Выбрать главу

В четырнадцать лет он голыми руками убил первого человека. Но Бове запомнилось не само убийство, а то, как за ним в школу пришли четыре вооруженными милиционера, а затем под конвоем вели в арестный автомобиль. Занятия в школе прекратились, все учащиеся и преподаватели вышли в коридоры и, молча, смотрели за тем, как его совсем еще мальчишку под конвоем взрослых милиционеров вели по этим коридорам. Некоторые девчонки даже плакали ему вслед, махали руками, провожая его в тюрьму.

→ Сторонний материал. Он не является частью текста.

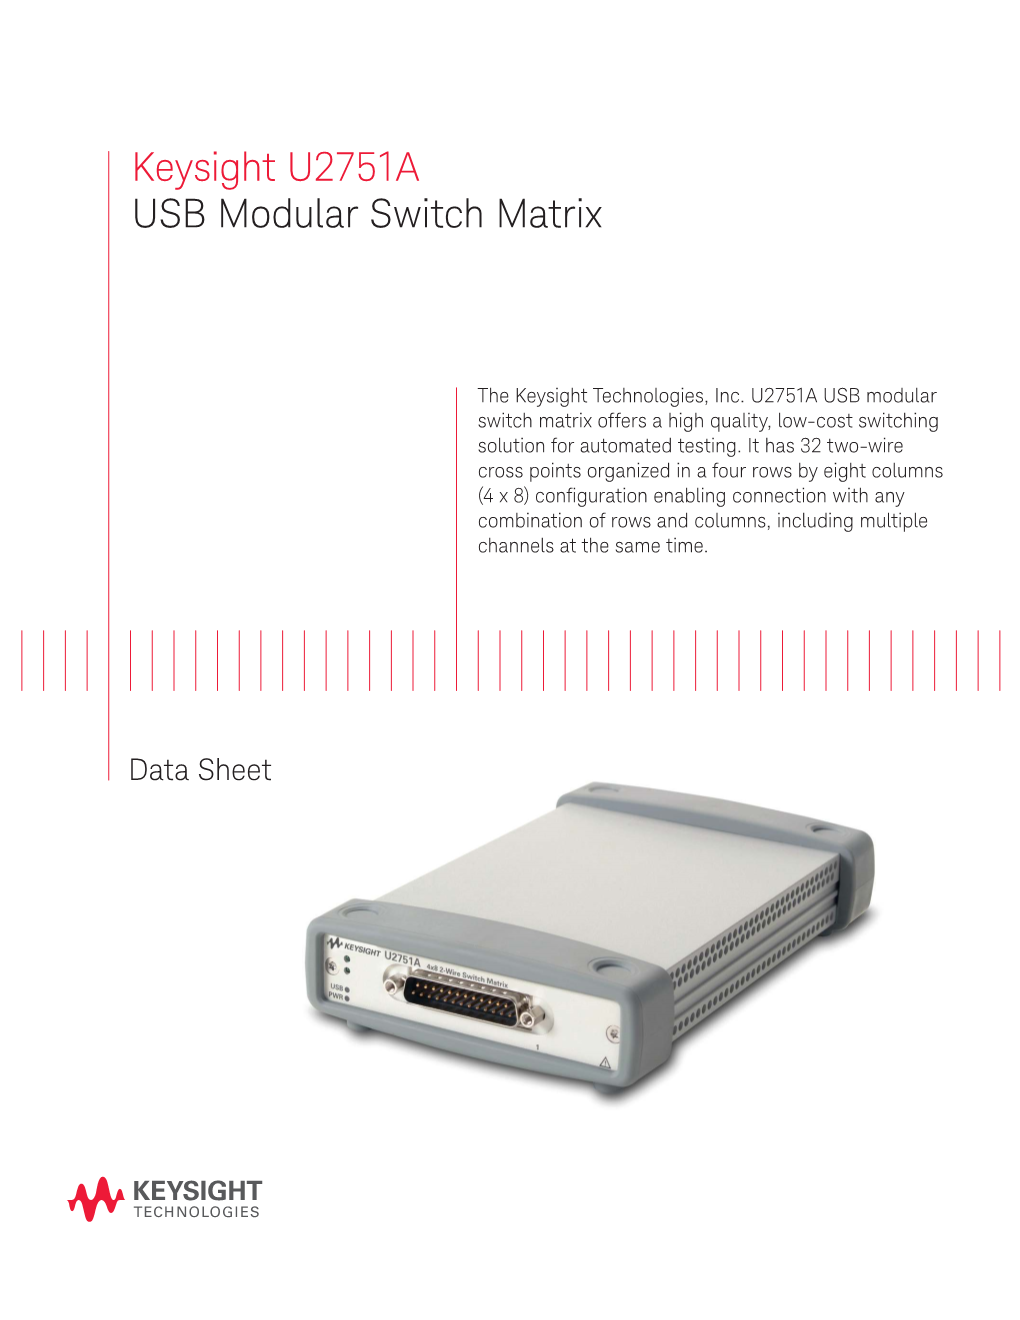 Keysight U2751A USB Modular Switch Matrix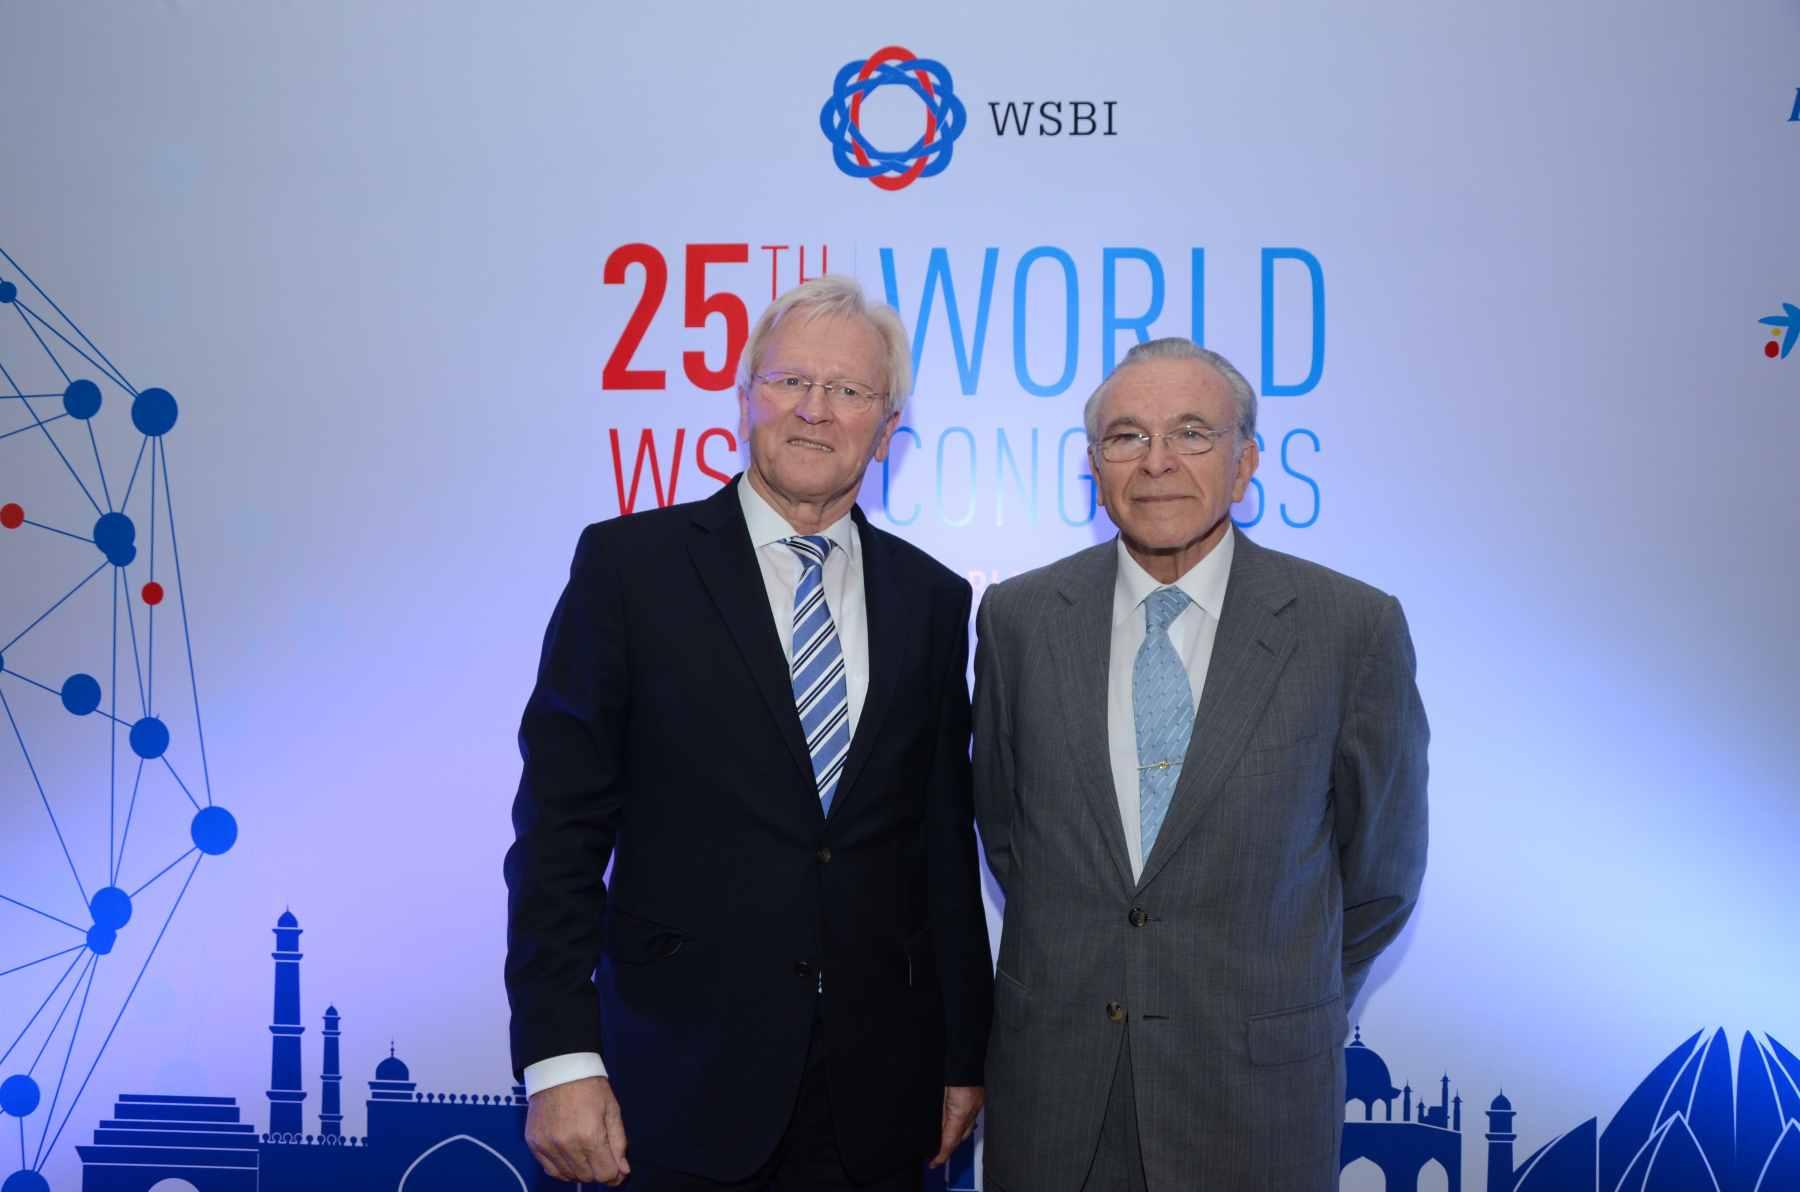 Isidro Fainé, presidente del WSBI, de la CECA y de la Fundación Bancaria la Caixa, con Heinrich Haasis, presidente de honor del WSBI, en Nueva Delhi

Пять лет до начала войны в мае 1942 года Бове довольно-таки регулярно посещал тюремные заведения, а в промежутках, будучи на свободе, выполнял приказания воров-авторитетов и совершенствовал свой боевой стиль айкидо. Войну он встретил вором-авторитетом с четырьмя трупами на руках, но осужден был только за одно убийство. Но восьмой день войны двери его камеры в минской центральной тюрьме вдруг распахнулась. За дверьми камеры стояли восемь гогочущих немецких солдат, один из которых заявил на отвратительном русском языке, что война для него окончена и что он теперь может грабить большевиков, коммунистов, евреев и их жен и еврея уголовника выгнали из тюрьмы на свободу.

Бове честно признал, что, как уголовника-рецидивиста, его никто не призывал в армию, что он совершенно случайно в Белоруссии прибился к одному красноармейскому отряду полковника Александра Деменкова, с которым месяц прорывался к линии фронта. Сначала Бове помогал поварам на кухне, таскал воды, раздавал кашу бойцам, но затем выполнил два-три задания полковника по разведке местности, так полковник приказал ему забыть о своем прошлом, присвоил звание ефрейтора и после этого Бове не вылезал из разведопераций. Но при пересечении фронта ефрейтор Бове потерялся, а трибунал, не найдя по нему никаких документах в архивах РККА, счел его дезертиром, скрывающим свое настоящее имя. Ефрейтора Бове за дезертирство с углубляющими вину обстоятельствами приговорили к двадцати годам тюрьмы и отправили в штрафную роту Северо-Западного фронта.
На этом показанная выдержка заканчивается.